Where your money goes
From providing clean water to treating wastewater and investing in infrastructure improvements, we want you to know where your money goes.
What you pay
The money you pay us helps run the business, maintaining sites and the network of pipes that bring water to your taps and take your waste away to be treated. It also helps to manage the loans we take out to build new infrastructure – much like a mortgage payment.
How your bill is spent
The simplest way we can explain it is to take £1 and break it down into the different elements you pay for. Figures shown here are based on Ofwat's PR24 Final Determination for Southern Water (excluding delivery mechanism).
How your bill is spent
The simplest way we can explain it is to take £1 and break it down into the different elements you pay for. Figures shown here are based on Ofwat's PR24 Final Determination for Southern Water (excluding delivery mechanism).
20p
Maintaining and growing our 54,000km network
6p
Reducing the use of storm overflows
4p
Removing wastewater nutrients, improving water quality
18p
Keeping toilets flushing and taking the wastewater away

2p
Finding and fixing more leaks with better technology
3p
New sustainable water sources for the future
20p
More high quality water to your taps and less outages
23p
Interest on loans to fund long-term investment
4p
Retail costs including a new billing system
Customers and stakeholders decide how this money is spent
Every five years we ask our customers and key stakeholders to help us develop a series of priorities, which we then use (alongside requirements from our regulator, Ofwat) to create a five-year ‘asset management plan’, or AMP.

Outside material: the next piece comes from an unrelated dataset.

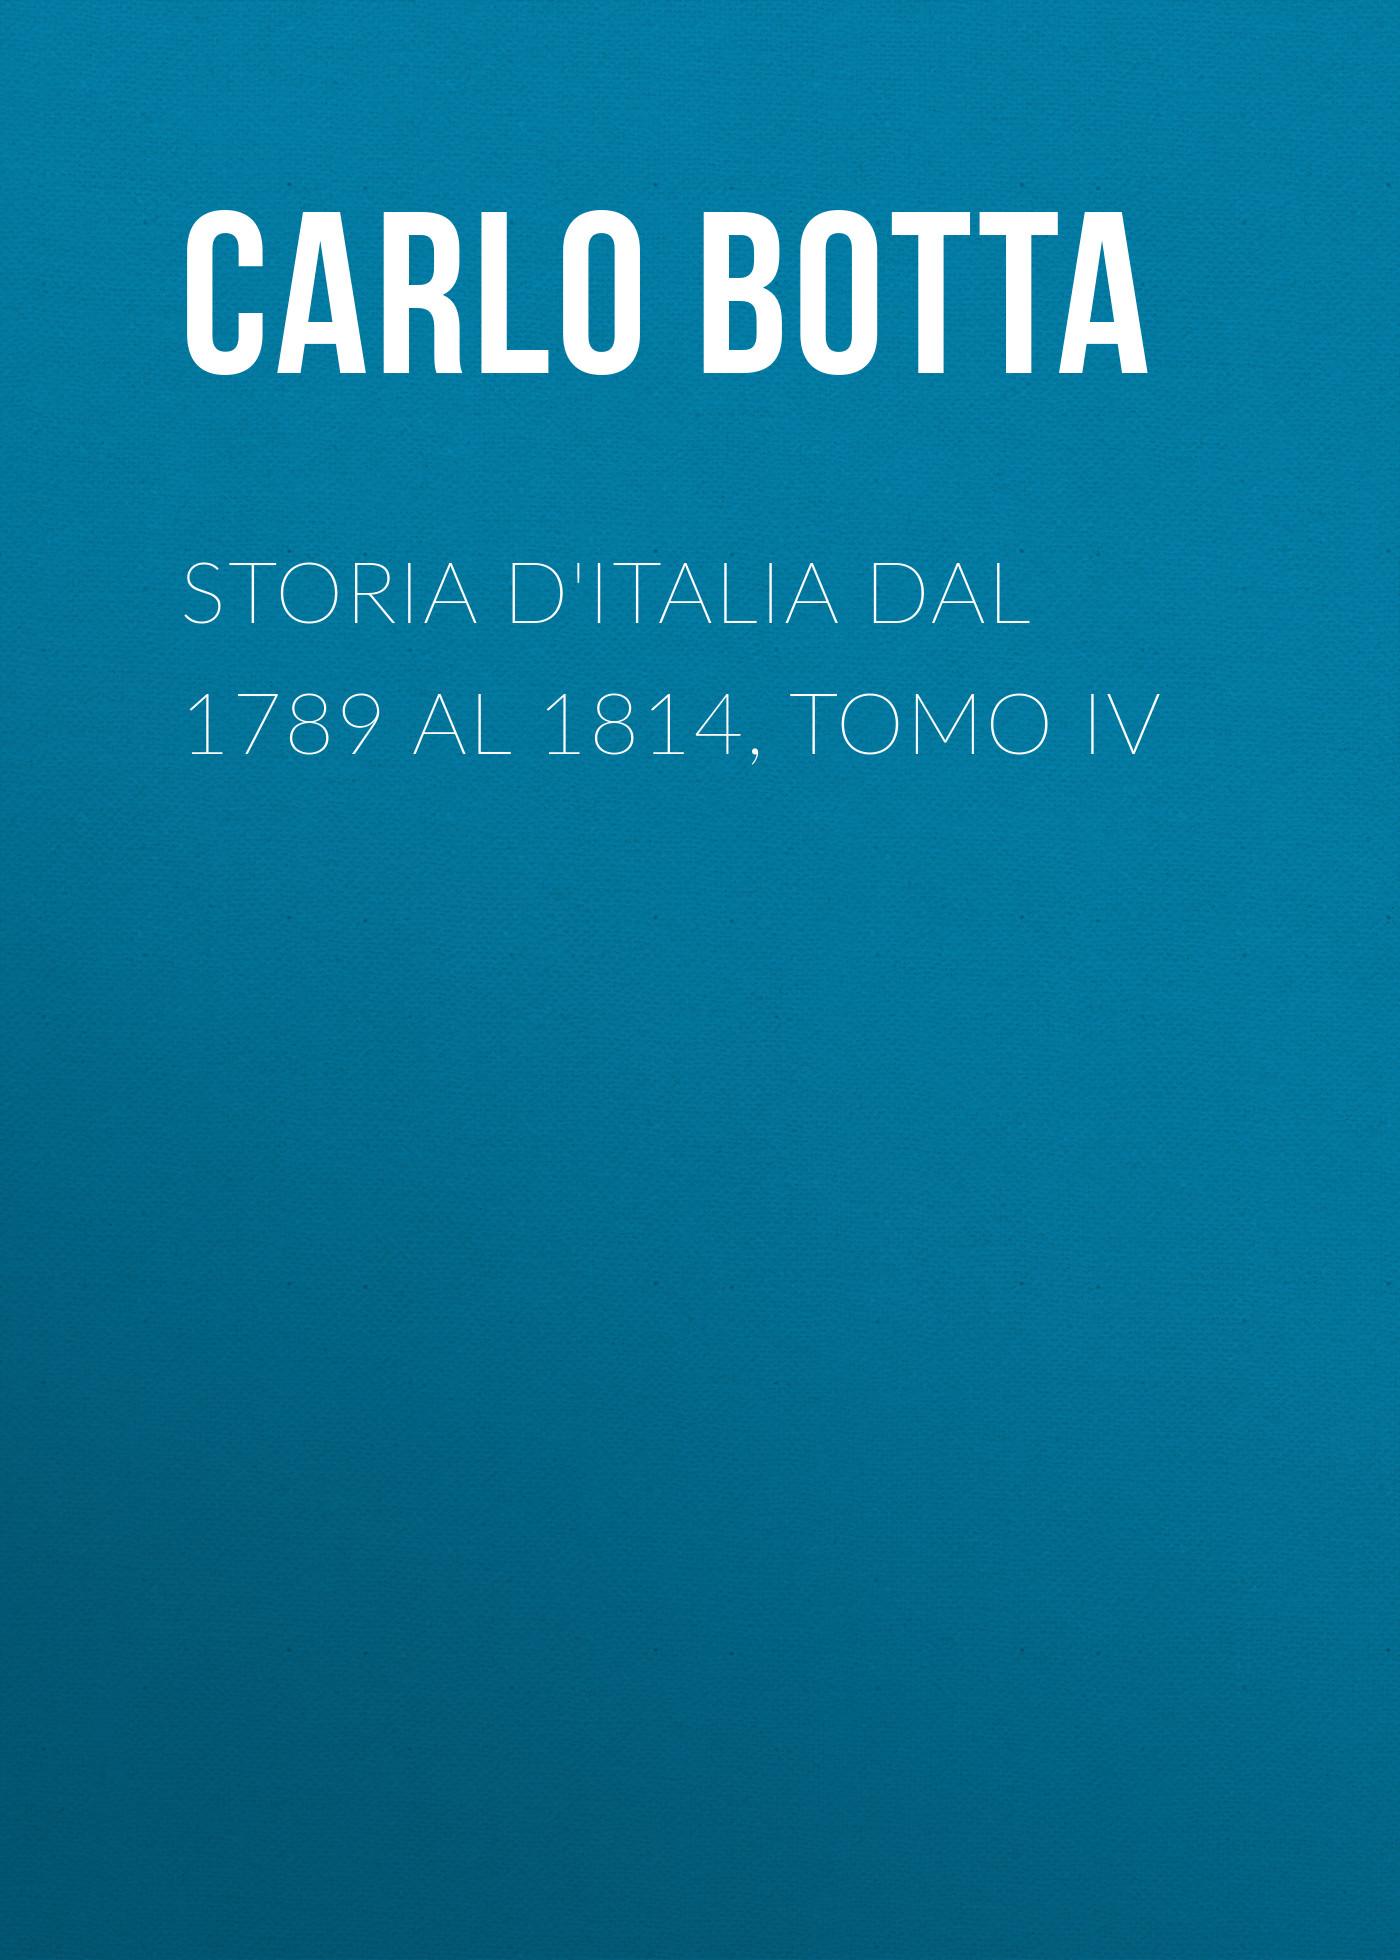 Botta Carlo Storia d'Italia dal 1789 al 1814, tomo IV balmes jaime luciano filosofía fundamental tomo iv

Ofwat asks us for this, as part of what’s called a regulatory price review. It then looks at our plan and decides how much we can spend on certain activities.
Ofwat delivers this decision in a ‘Final Determination’ which we use to create a five-year delivery plan. Our shareholders will then see where they need to top up the spending allocated by Ofwat. We use the money our shareholders invest to fund capital investment schemes (large construction projects) as this means our customers are not paying directly for future improvements.